Records contained in a dataset:
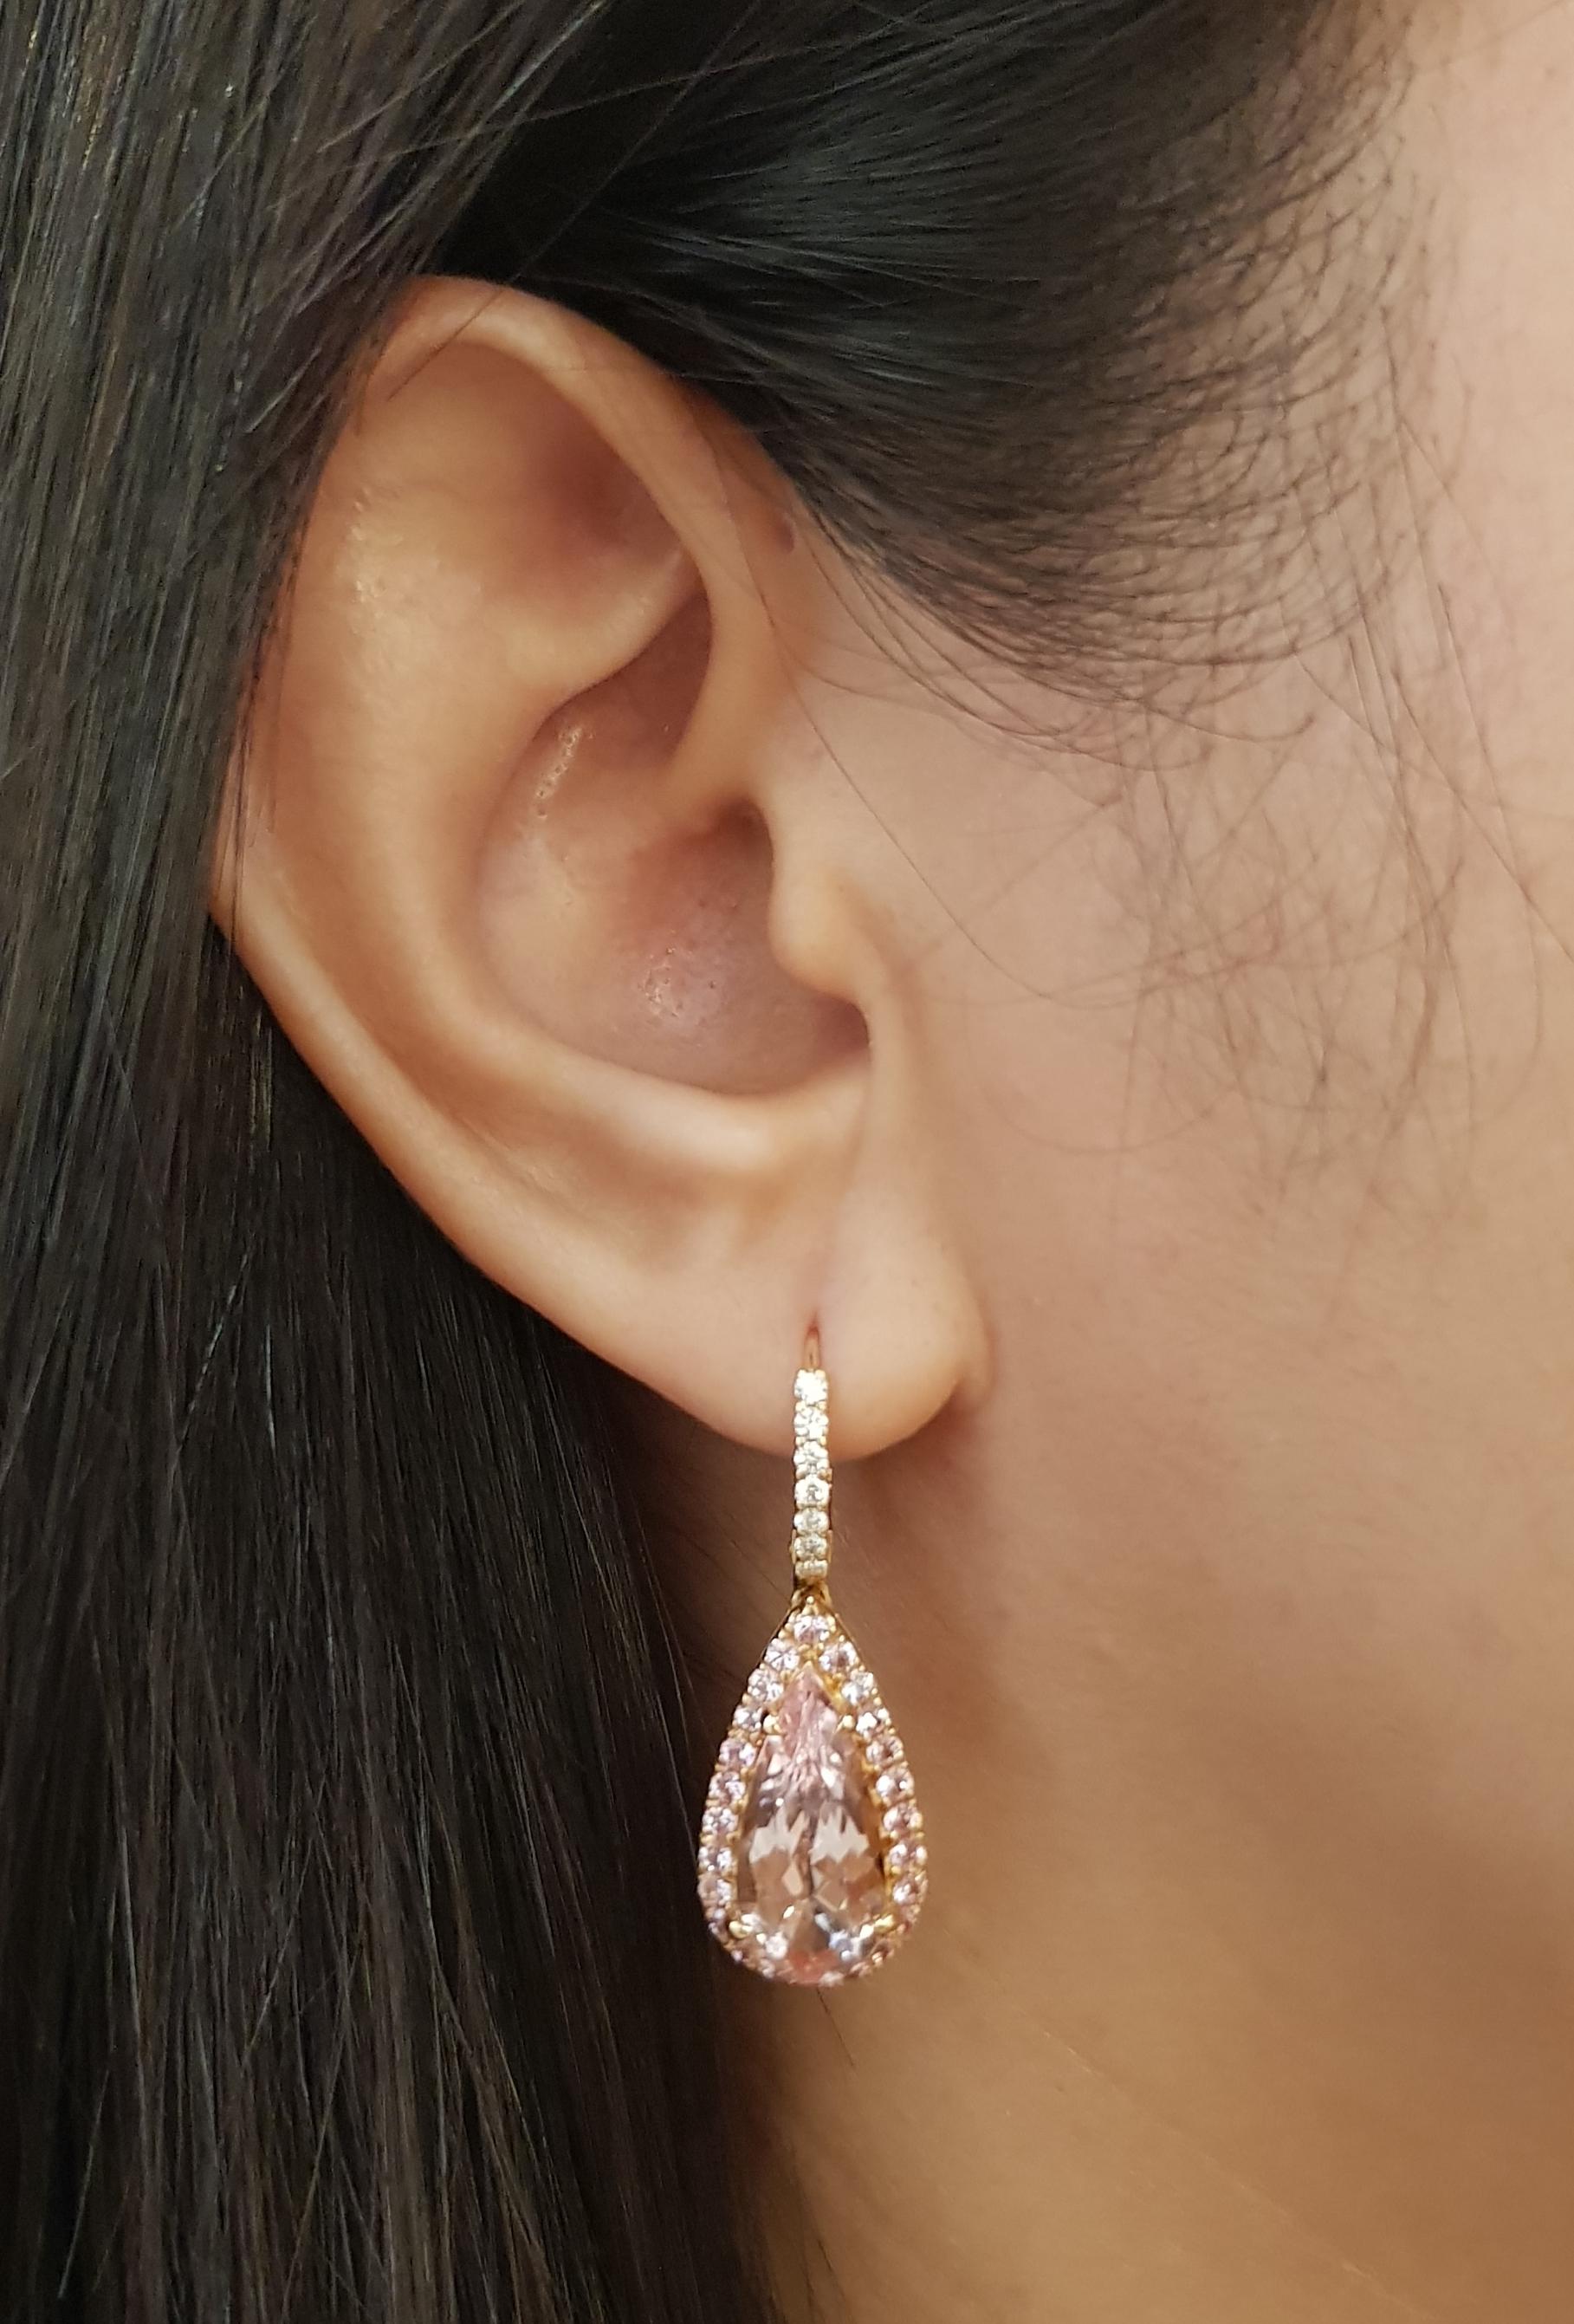 Morganit 7,56 Karat, rosa Saphir 1,10 Karat und Diamant 0,23 Karat Ohrringe in 18K Rose Gold Fassung

Breite: 1.2 cm 
Länge: 3.4 cm
Gesamtgewicht: 8,52 Gramm

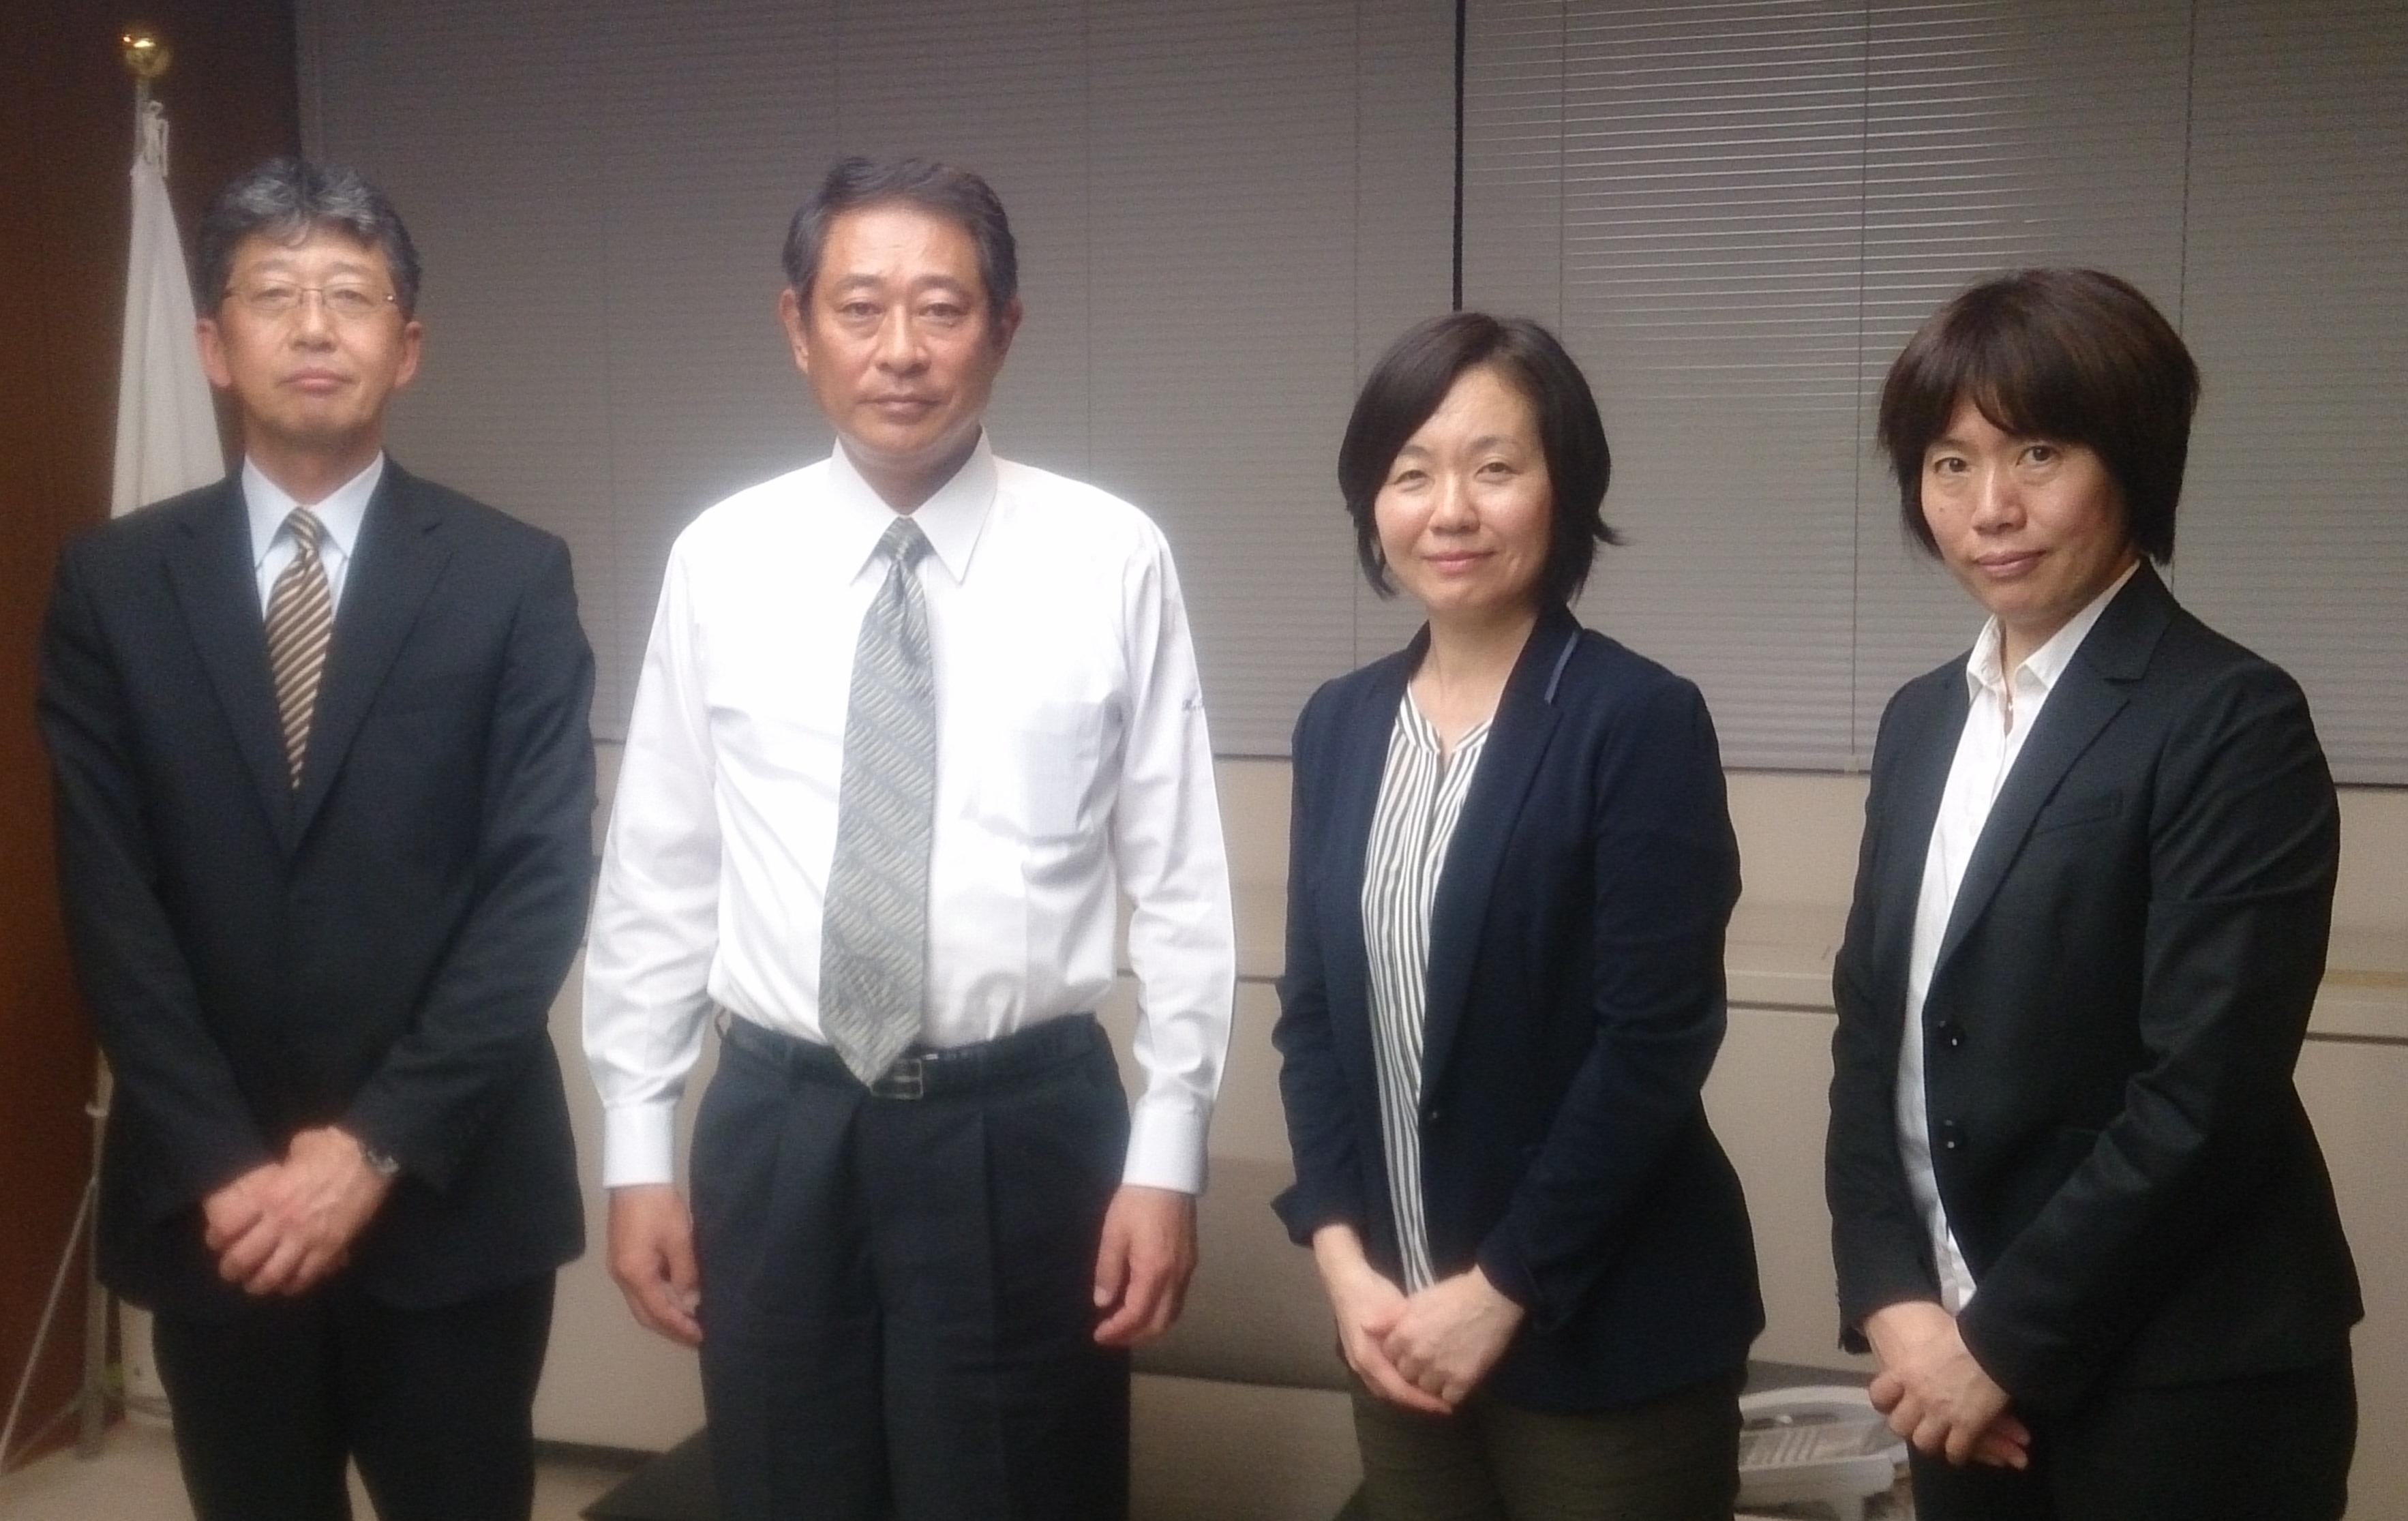 左から庭野理事長、田中区長、奥山組合員常任理事、加藤組合員理事

• Work instructions:
Make an exact copy of the data above, pictures excluded.

• Solution for this task:
 Morganit 7,56 Karat, rosa Saphir 1,10 Karat und Diamant 0,23 Karat Ohrringe in 18K Rose Gold Fassung

Breite: 1.2 cm 
Länge: 3.4 cm
Gesamtgewicht: 8,52 Gramm

 左から庭野理事長、田中区長、奥山組合員常任理事、加藤組合員理事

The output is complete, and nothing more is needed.